We should heed what the Apostle Paul, a Jewish Christian from the Middle East and a Roman Citizen wrote in his letter to Christians in Galatia in what is now Turkey: ”There is neither Jew nor Gentile, neither slave nor free, nor is there male and female, for you are all one in Christ Jesus.” The Christian faith provides an explanation of human life that unifies people, beyond the mere acceptance of their diversity which is currently being elevated and leads to division.

We should also note the argument that it is the role of the church, not governments, to advocate for religious freedom. And in doing so, the church is to face the reality that it will suffer for righteousness.

It could be claimed that to find true reporting of issues of religious freedom we need to turn to the websites of ‘campaigning’ organisations and social media. These of course lack the normal controls applied to the public prints. But if the public prints do not serve the public interest in this area, then truth must out.

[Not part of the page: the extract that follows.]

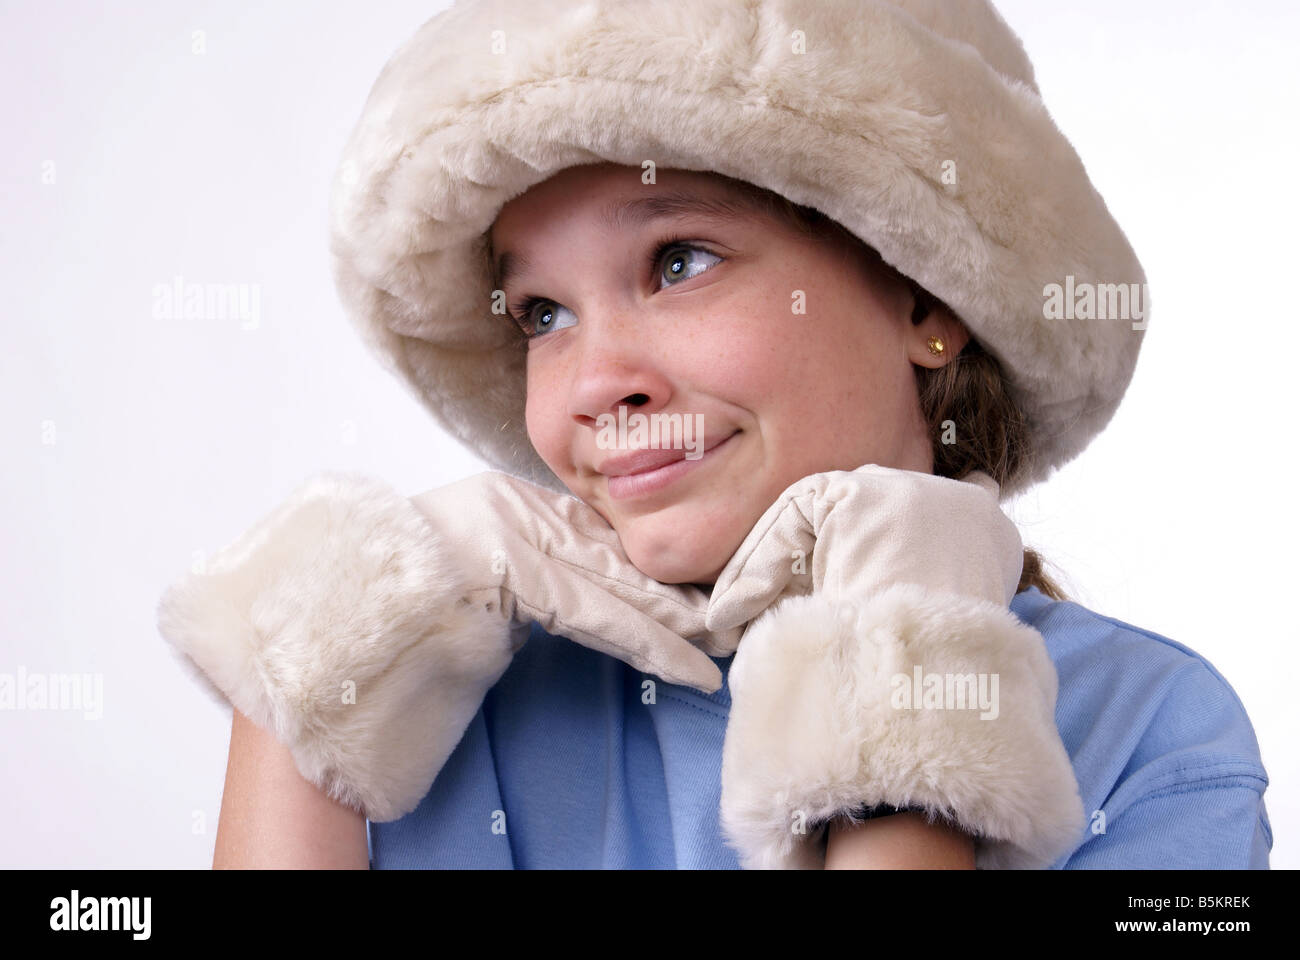 Girl Wearing Grownup Hat and Gloves Stock Photo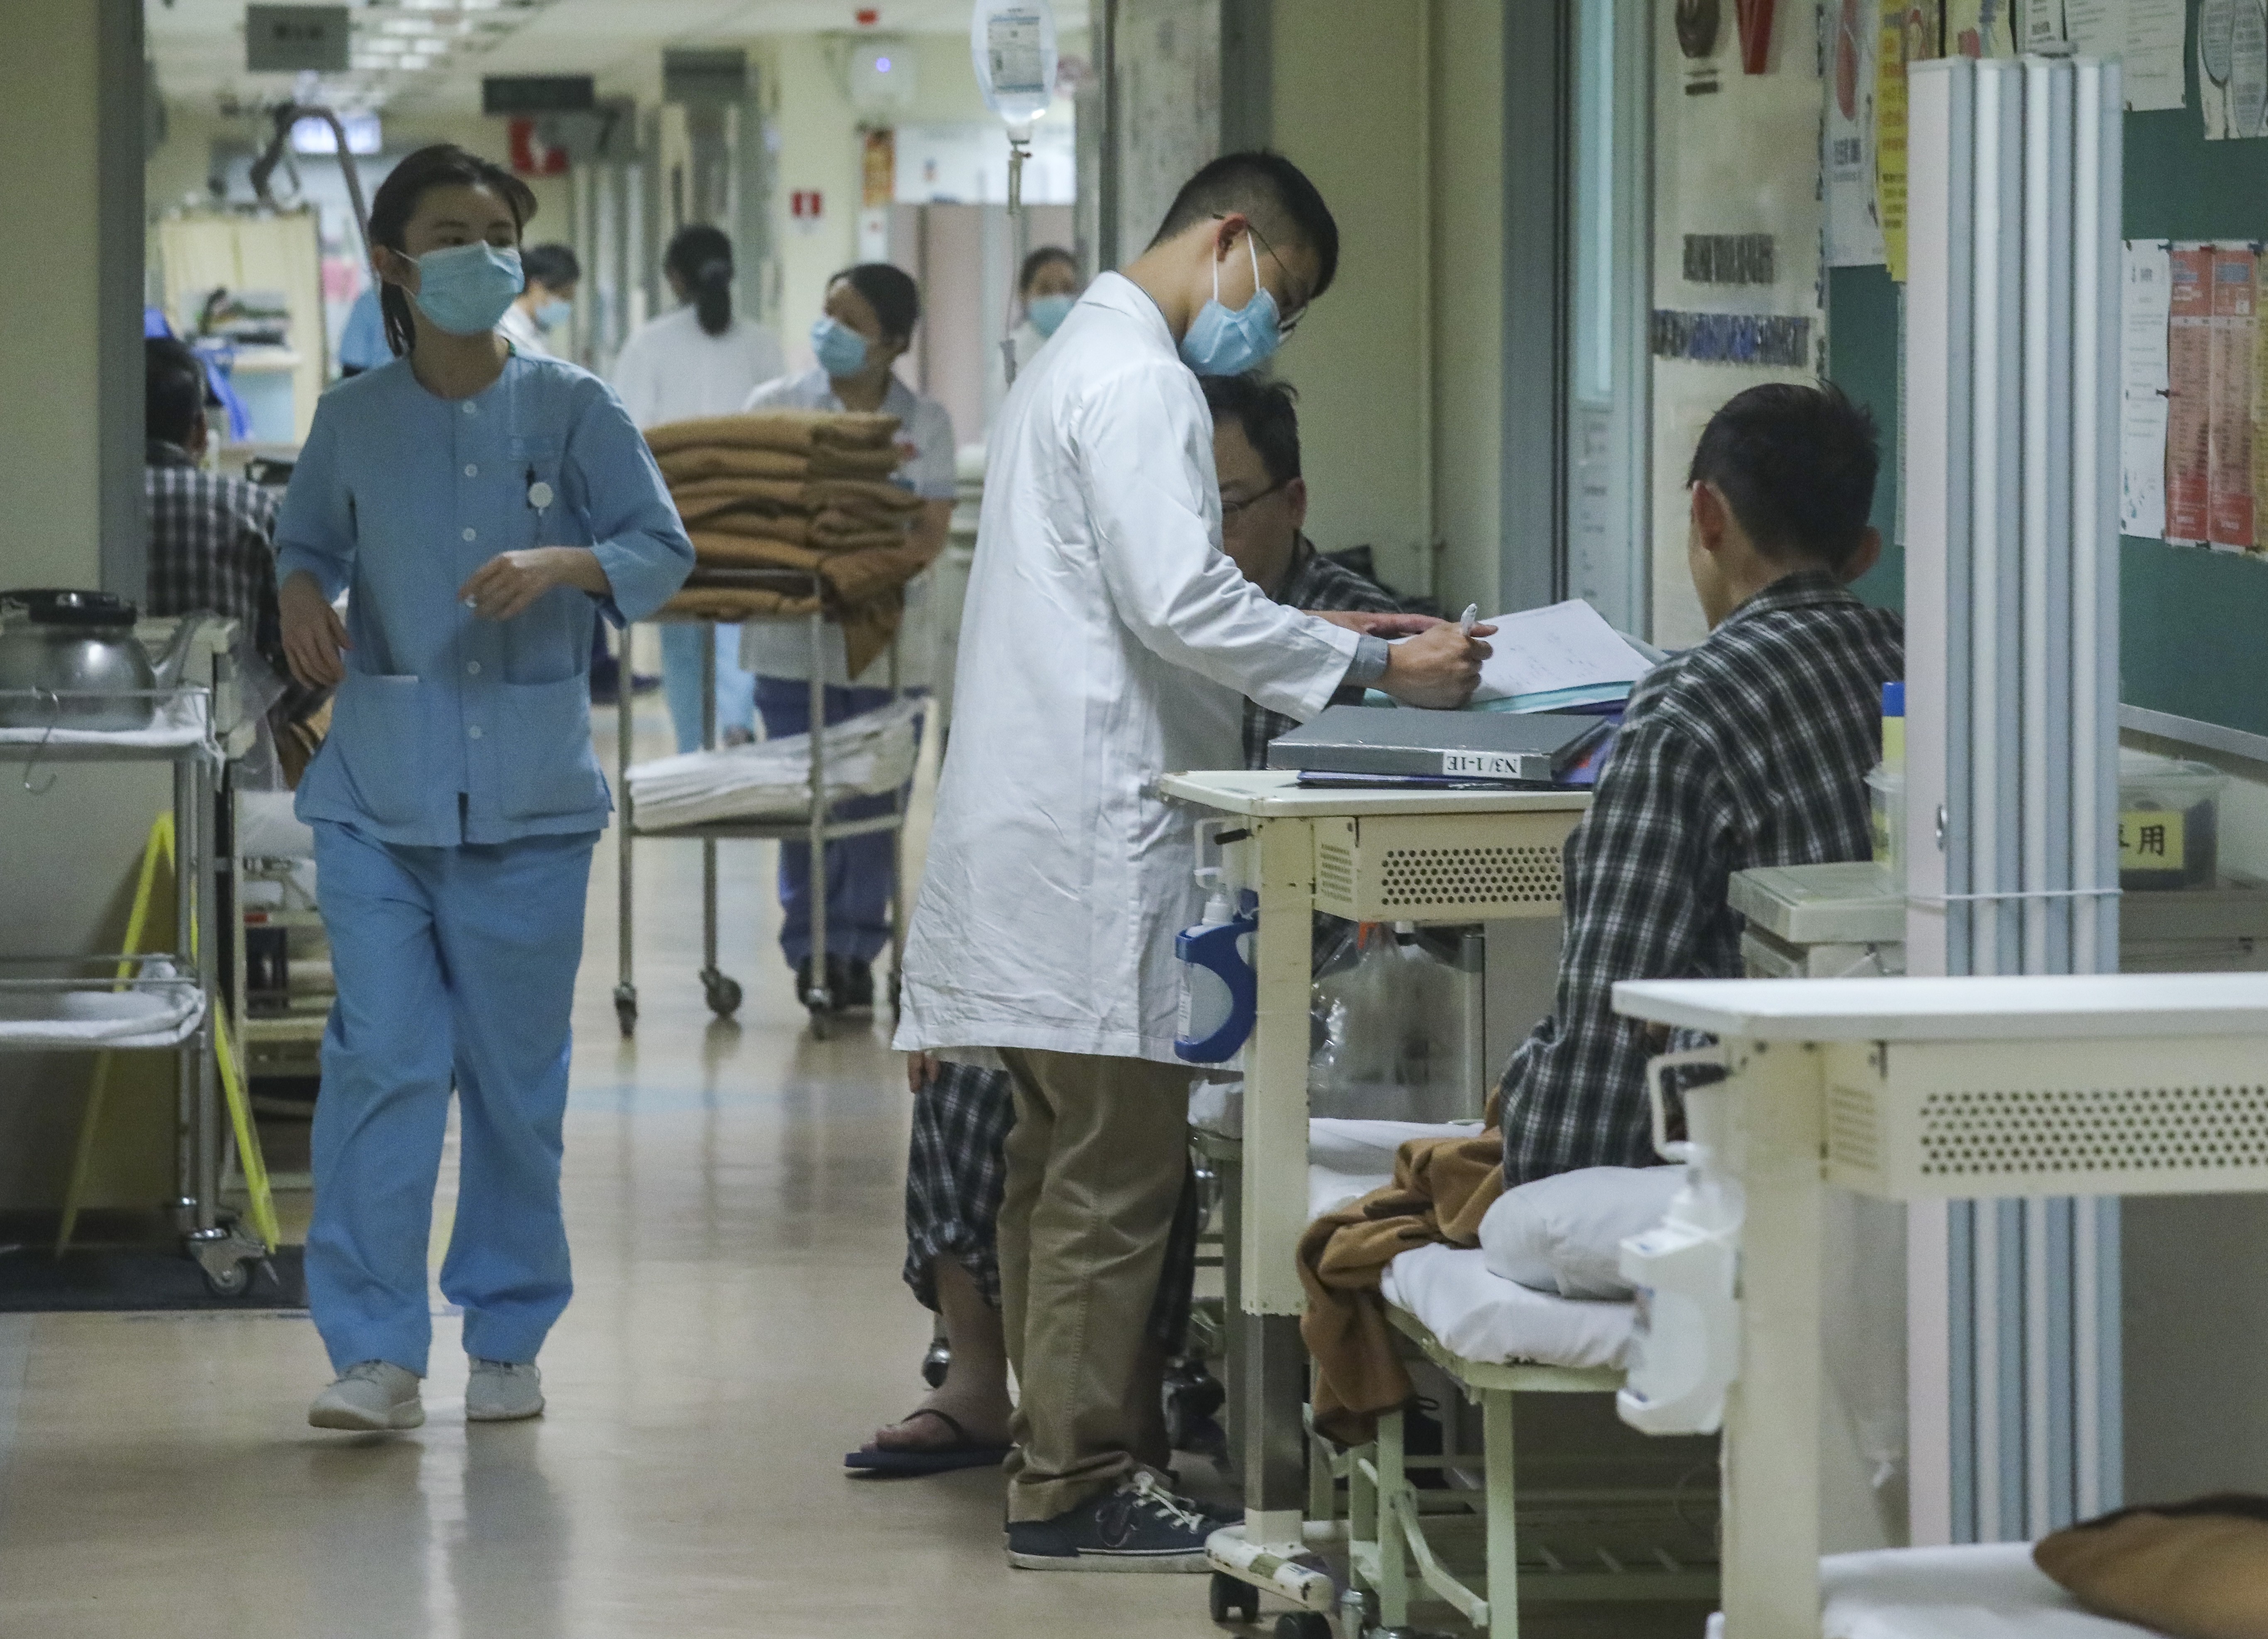 Medical staff at work at Kwong Wah Hospital in Yau Ma Tei amid the winter flu outbreak in January. The city’s public hospitals have seen occupancy rates of over 100 per cent. Photo: Nora Tam

There are good examples where freedom of religion has been addressed well in Comment Pages. A Times commentator, a former Muslim, noted that “Freedom of conscience and speech is perhaps the greatest benefit of Western civilisation. It does not come naturally to man. It is the product of centuries of debate within Jewish and Christian communities. These debates advanced science and reason, diminished cruelty, suppressed superstitions, and built institutions to order and protect life, while guaranteeing freedom to as many people as possible.”

To close, why does the western media and public ignore religious freedom? Their elites have rejected Christianity in the public space because it goes against autonomous individualism and the untrammelled construction of personal identity, and because governments do not want to criticise those with whom they have significant trading arrangements.

What should we do?:
• Foster community and team playing over individualism.
• Teach people that disagreement is not hate speech.
• See respect for truth as an important component of public life.
• Education should teach people to engage with and evaluate different understandings of the world, particularly those with which you may not agree.
• We need to counter ‘cancel-culture’.
• Every local church leader to actively engage with their local newspaper and local radio station.
• Church leaders and Christian organisations need to cultivate relations with local, regional and national press.
• And we need to set out the implications and application of religious truth to all areas of life, public and private.